Federico Martino ’18.
Scott Langley
“Prior to taking this class, I lacked the skills to negotiate effectively,” she begins. “I negotiated thinking in terms of winning, which to me was getting what I wanted—the best deal at any cost.”
Osborne, a landlord of a multiple-family home, describes how, unknown to her, a former tenant ignored an electric bill until over $5,000 was due. After the tenant left, Osborne negotiated a reduction but was still stuck with a $3,000 balance. Osborne felt cheated, because the electric company never tried to contact her. “Because I was incarcerated, I felt unable to negotiate this deal effectively,” she tells the class. “I gave in, feeling like a loser.”
Osborne explains the key points she learned over the semester: develop a plan B, trade off what’s less important to you, remain patient, and step away if necessary.
“At the end of any deal, I should be able to walk away feeling good about myself and the decision I made, even if I was unable to reach a deal,” Osborne concludes.

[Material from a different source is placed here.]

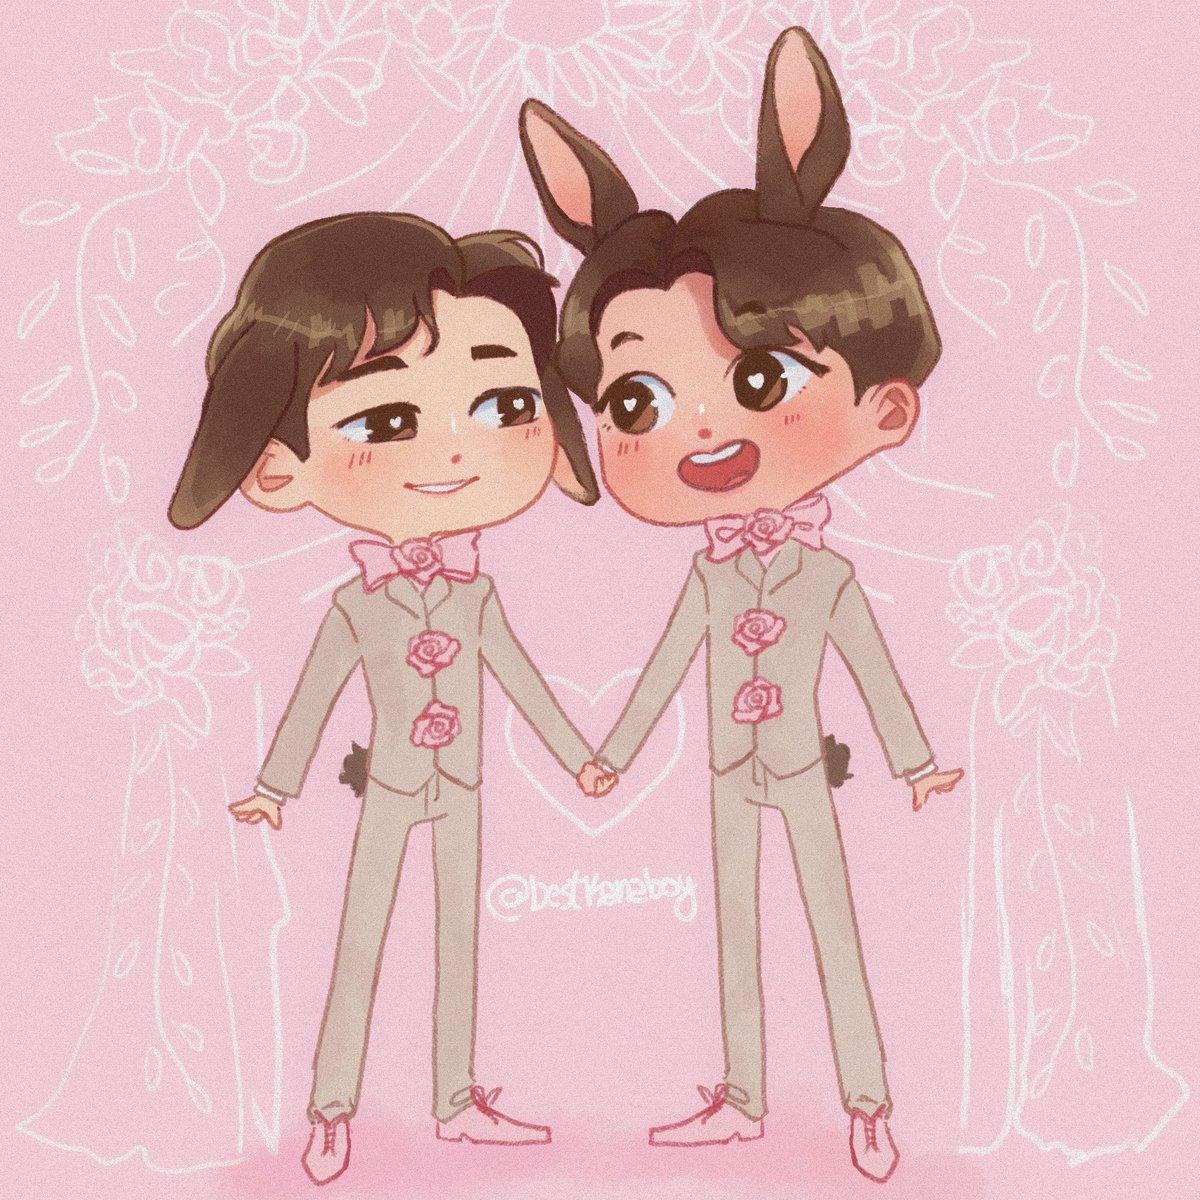 RT @bestkanaboy: bunny grooms~ 🐰 #WanjaiFanart #MewSuppasit #GulfKanawaut #mewgulf https://t.co/HqjTaKyJdI

Seven more women speak about their negotiation experiences, ranging from office deal-making to buying a car to bargaining with a son over homework. The presentations are earnest and heartfelt. “What I learned: take care of the little man,” says one woman. “When thinking about negotiation, I realized just how powerless I’ve been in the past,” says another.
After the presentations, Federico Martino ’18, who is co-teaching the class at Taconic, recaps the semester’s work and congratulates the women on all they’ve accomplished. “It has been an honor to teach you, and a wonderful experience for me to be able to learn from you,” he says. “It’s by far the best thing we’ve done during our MBA, and I’m really excited to see the things you’re going to do.”

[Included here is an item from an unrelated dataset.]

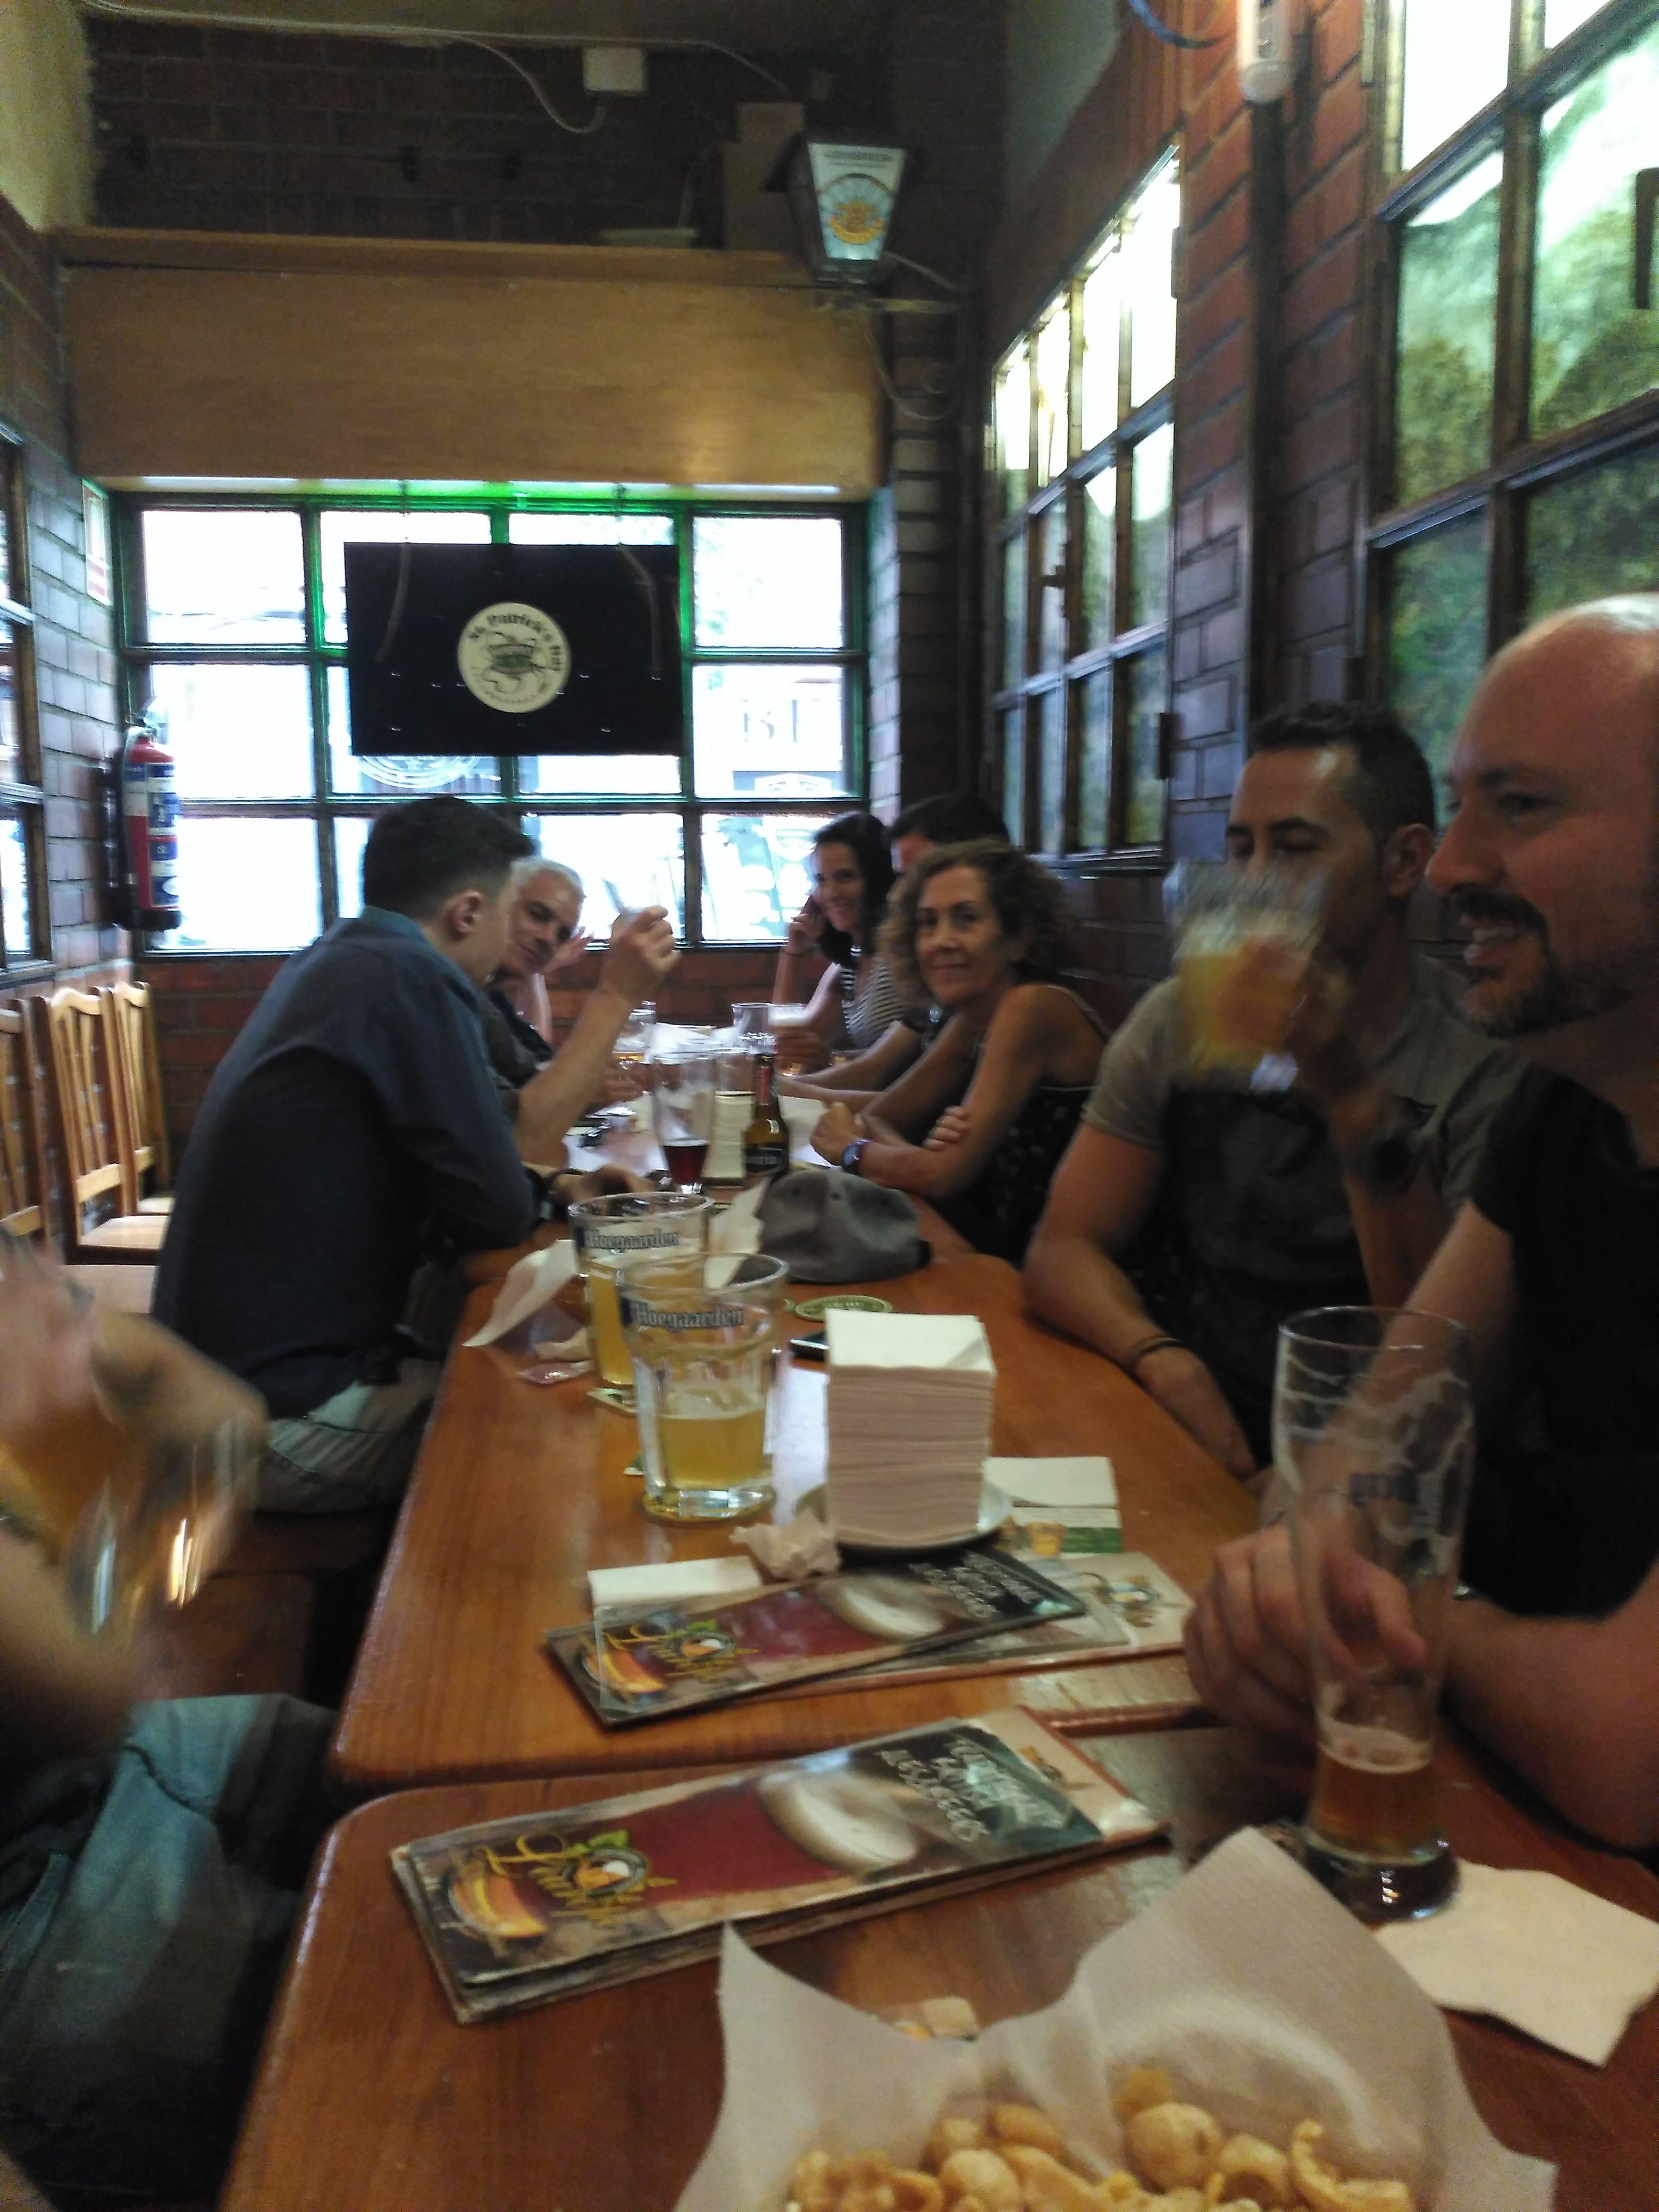 Cervezas e Inglés -- Beer and English

Professor Daniel Ames leads part of Getting to Yes. Front row, left to right, Bridget Osborne and Leah Faria.
Scott Langley
An American Crisis
The Getting to Yes class is part of the School’s groundbreaking new program to address what is arguably one of the country’s biggest crises— mass incarceration. In the US, the rate of imprisonment has quadrupled in the last four decades (though in New York state it has declined by more than 30 percent since 1999), and the country has more incarcerated citizens per capita than does any other country in the world. The consequences of this are well documented: people with criminal records often have trouble getting hired, and thus the likelihood increases that upon reentry, they and their families will repeat a cycle of poverty and incarceration. Plus, with unemployment rates at historic lows, many in the business community are reconsidering a long-held policy of not hiring people with criminal records—especially since a third of working-age Americans have a criminal record, according to research cited by the Brennan Center for Justice at NYU.
“The lack of employment is one of the key reasons people end up going back to prison or jail,” says Damon J. Phillips, the Lambert Family Professor of Social Enterprise and co-director of the Tamer Center for Social Enterprise. “At least 60 percent of people are unemployed one year after leaving prison. Many of those who have jobs—such as day laborers—don’t have long-term employment solutions.”
Against this backdrop, the School’s ReEntry Acceleration Program (REAP) was created. An initiative of the Tamer Center, REAP takes a two-pronged approach to addressing the issue of mass incarceration: helping incarcerated and formerly incarcerated individuals gain business skills that will help them upon reentry, and working with the business community to help change attitudes, policies, and processes around hiring formerly incarcerated people.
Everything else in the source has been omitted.